Segment Start: DATASET ENTRIES
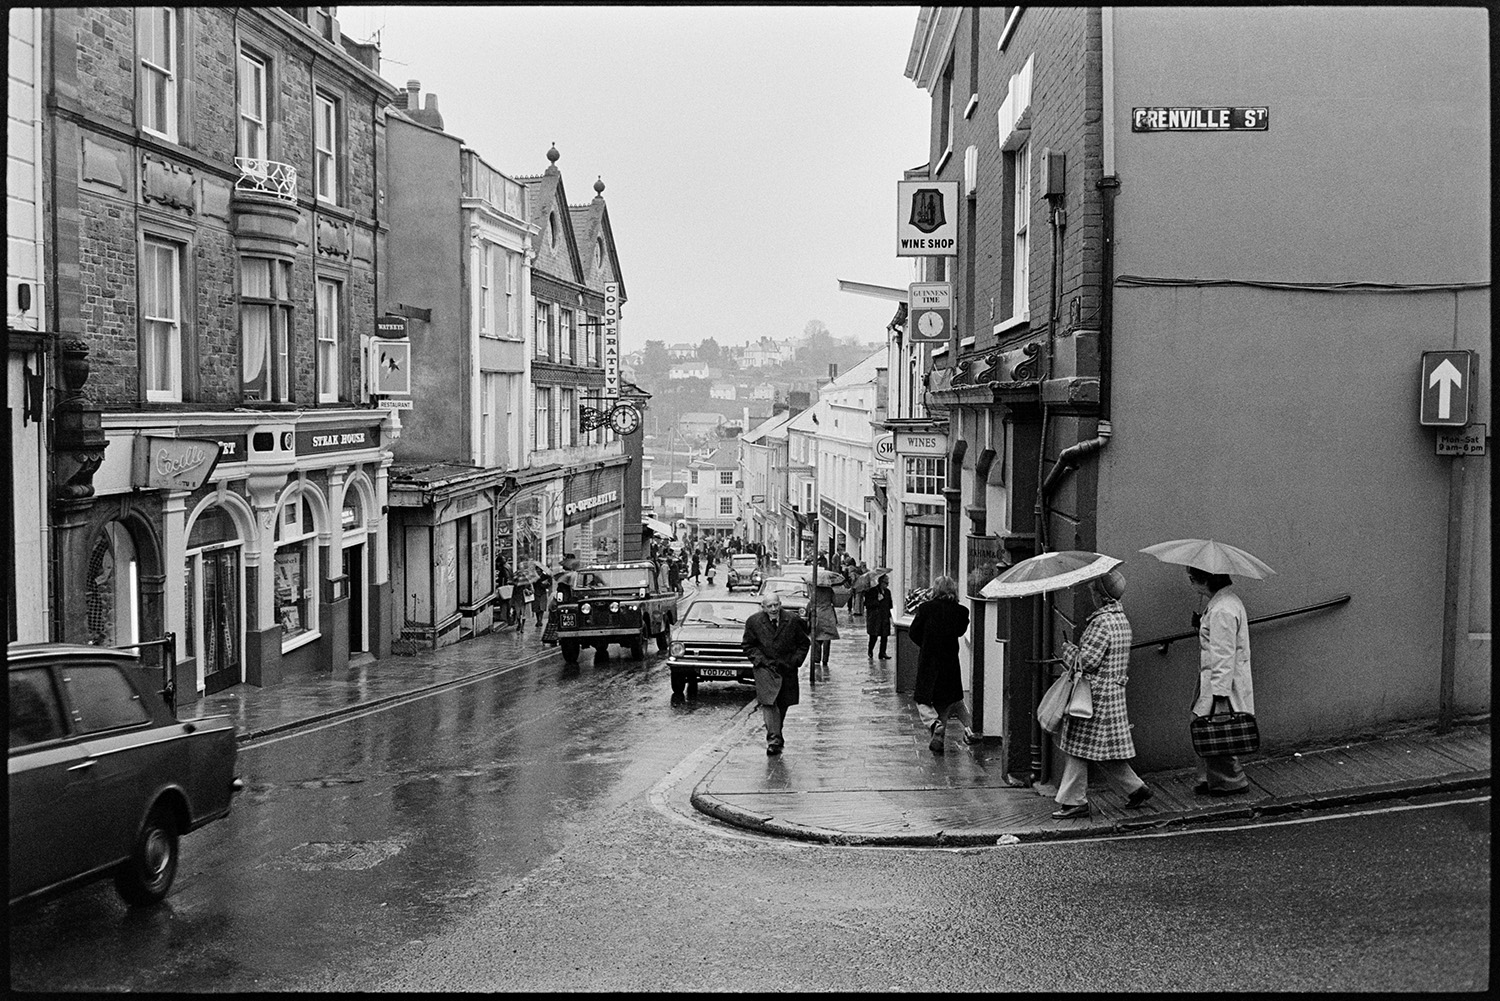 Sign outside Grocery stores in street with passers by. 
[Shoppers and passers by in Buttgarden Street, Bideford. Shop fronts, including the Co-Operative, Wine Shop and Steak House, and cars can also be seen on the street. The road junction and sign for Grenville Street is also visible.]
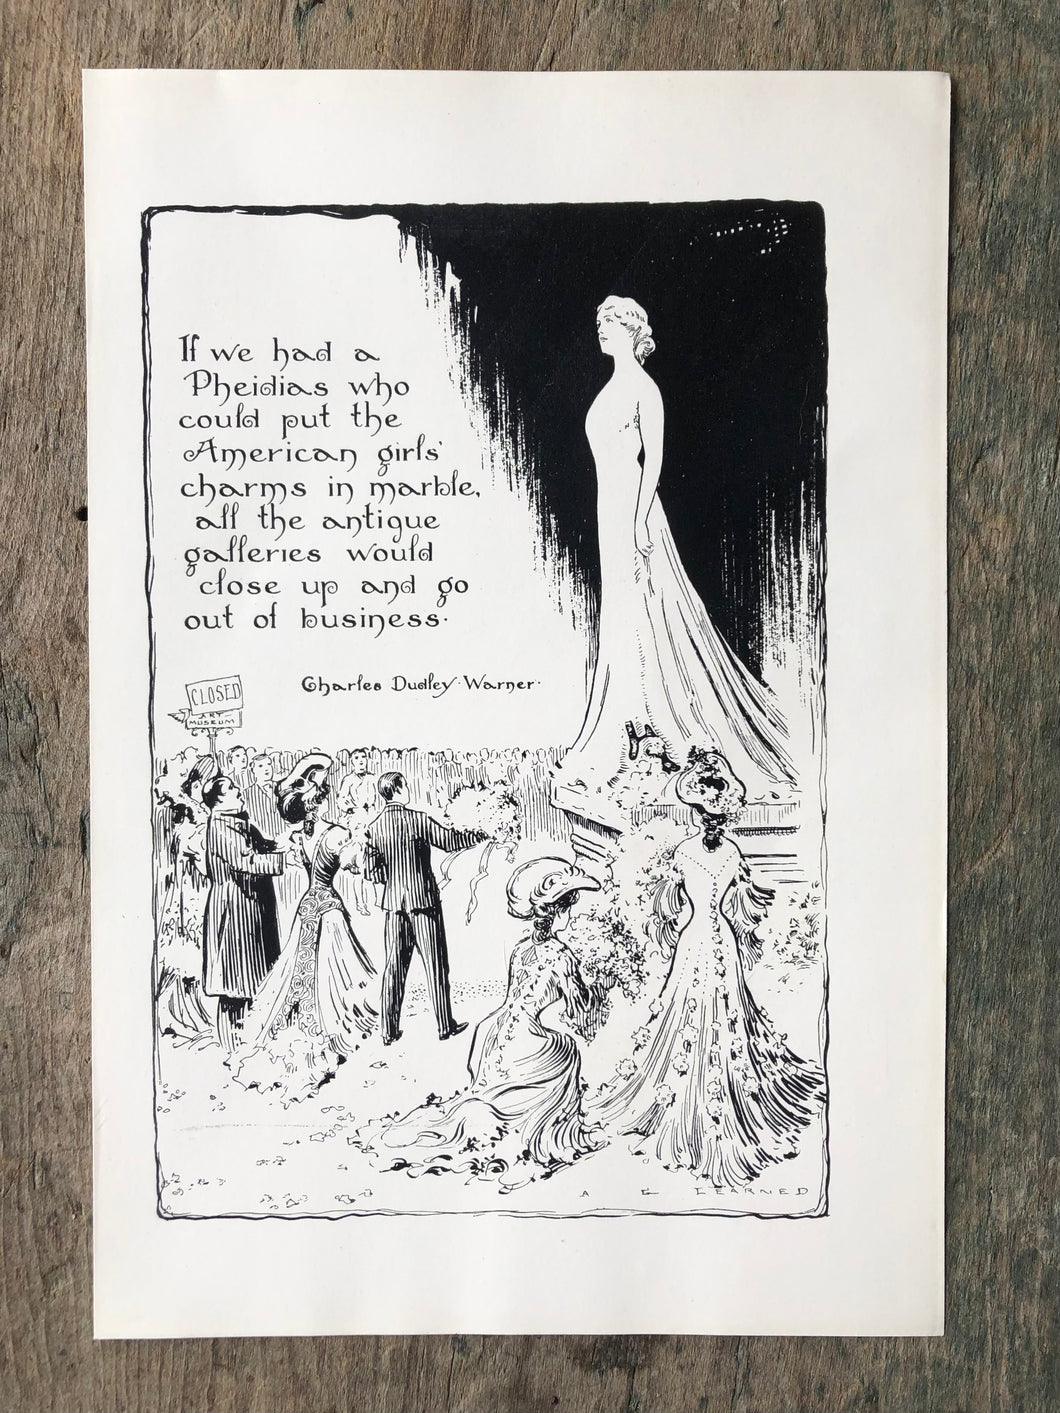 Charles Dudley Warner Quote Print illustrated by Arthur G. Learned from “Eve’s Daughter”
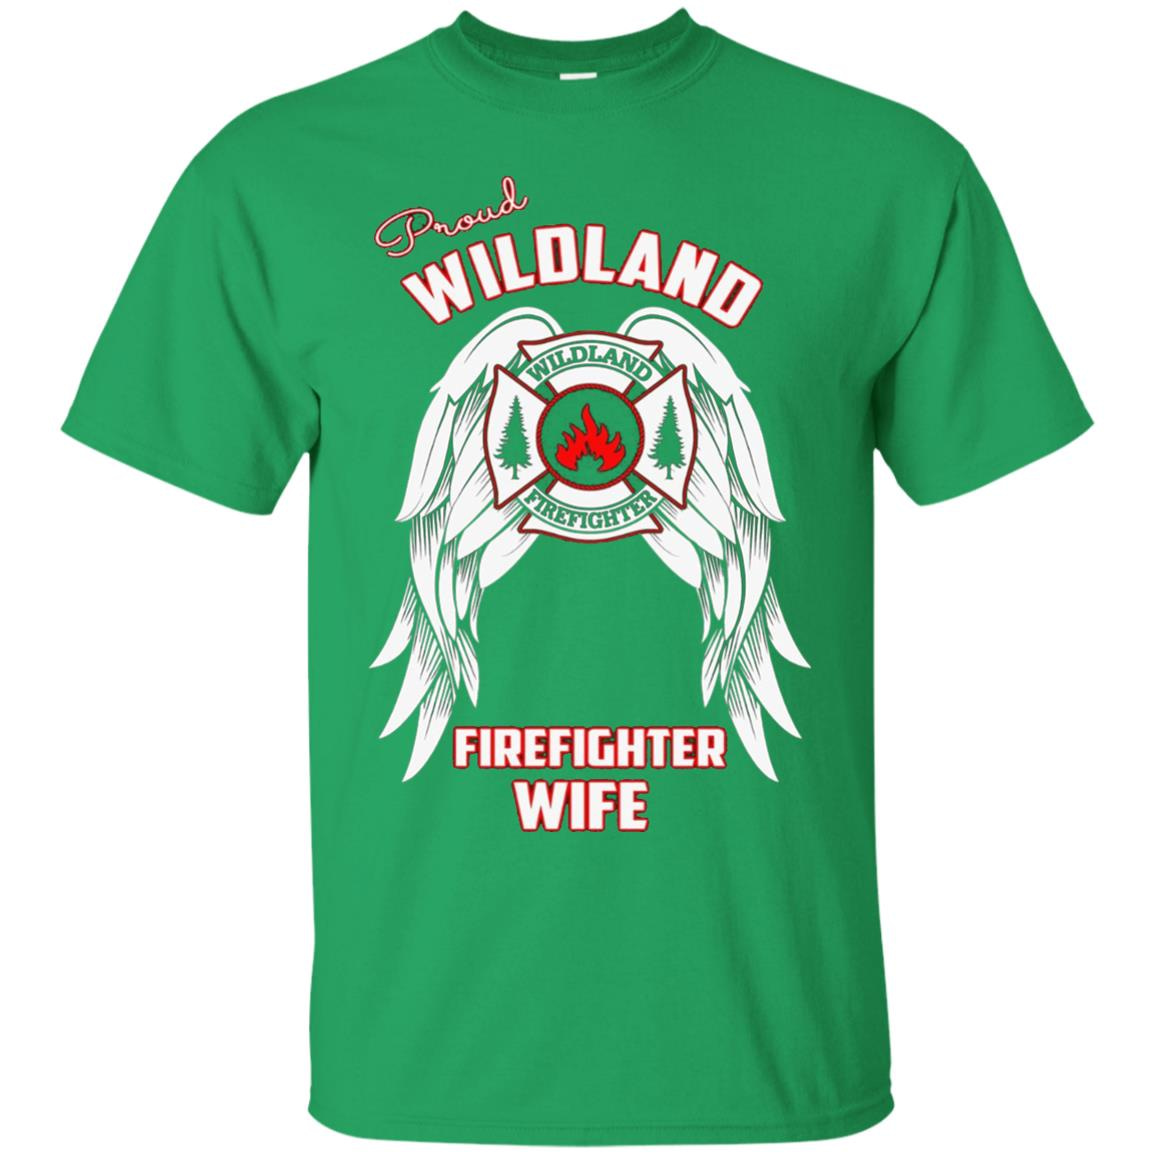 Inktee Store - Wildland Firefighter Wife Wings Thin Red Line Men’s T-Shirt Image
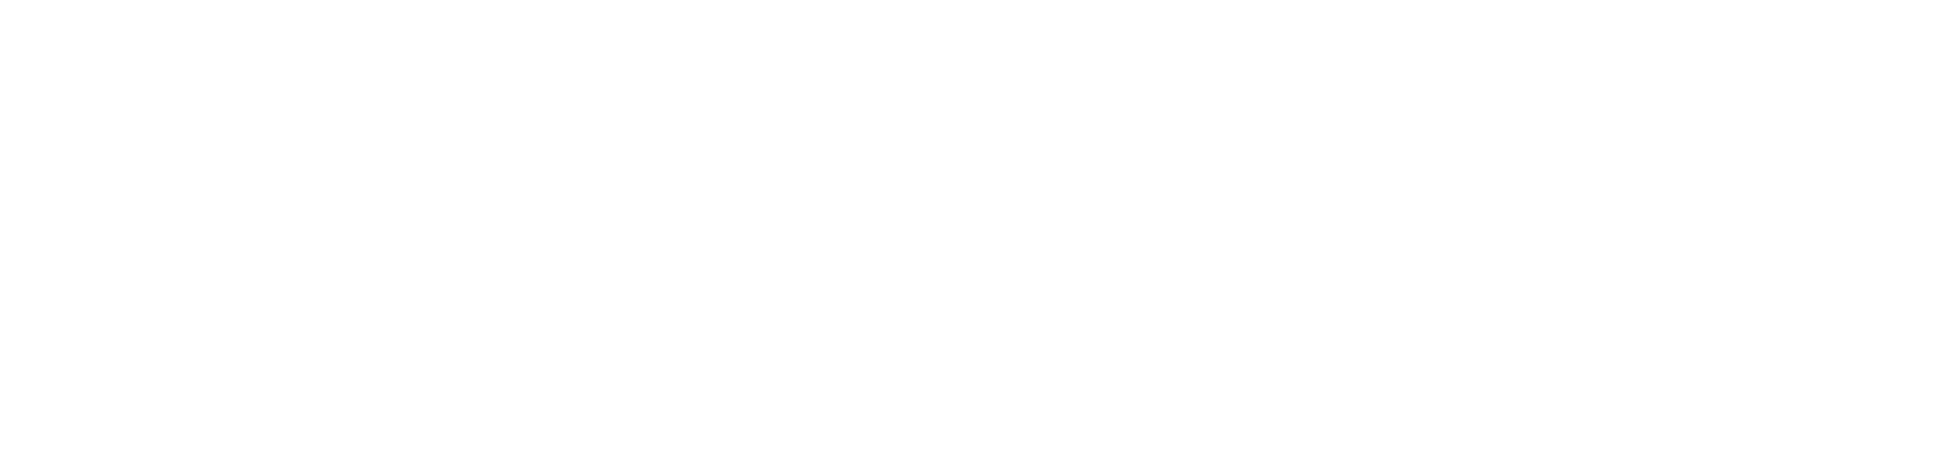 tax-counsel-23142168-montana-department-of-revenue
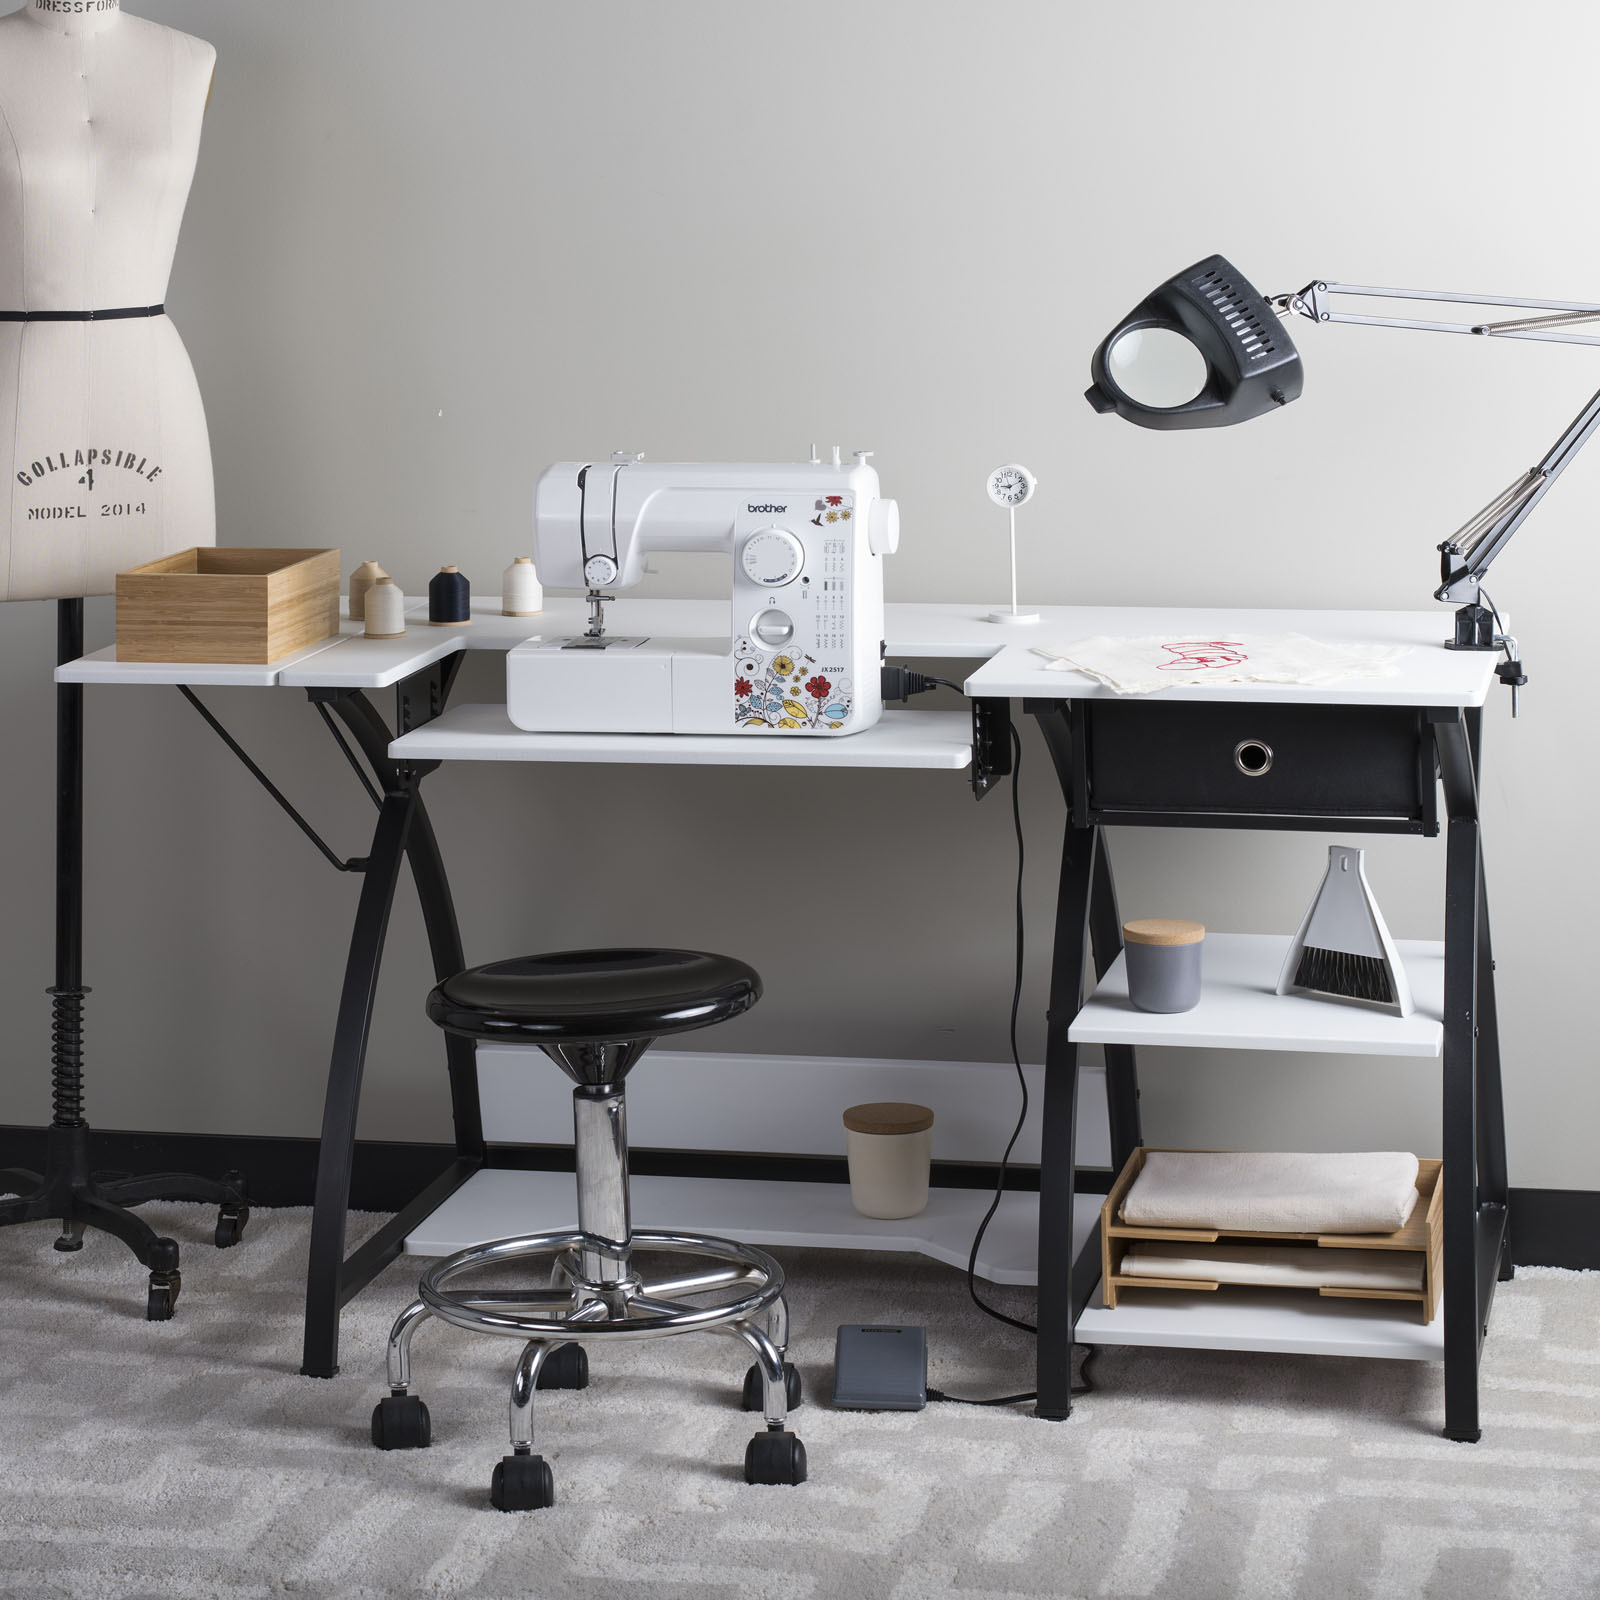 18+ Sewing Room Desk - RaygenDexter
Segment End: DATASET ENTRIES
WORK ITEM: Word for word, repeat all of the entries above, leaving out the pictures.

RESPONSE TO THIS EXERCISE:
 Sign outside Grocery stores in street with passers by. 
[Shoppers and passers by in Buttgarden Street, Bideford. Shop fronts, including the Co-Operative, Wine Shop and Steak House, and cars can also be seen on the street. The road junction and sign for Grenville Street is also visible.]
 Charles Dudley Warner Quote Print illustrated by Arthur G. Learned from “Eve’s Daughter”
 Inktee Store - Wildland Firefighter Wife Wings Thin Red Line Men’s T-Shirt Image
 tax-counsel-23142168-montana-department-of-revenue
 18+ Sewing Room Desk - RaygenDexter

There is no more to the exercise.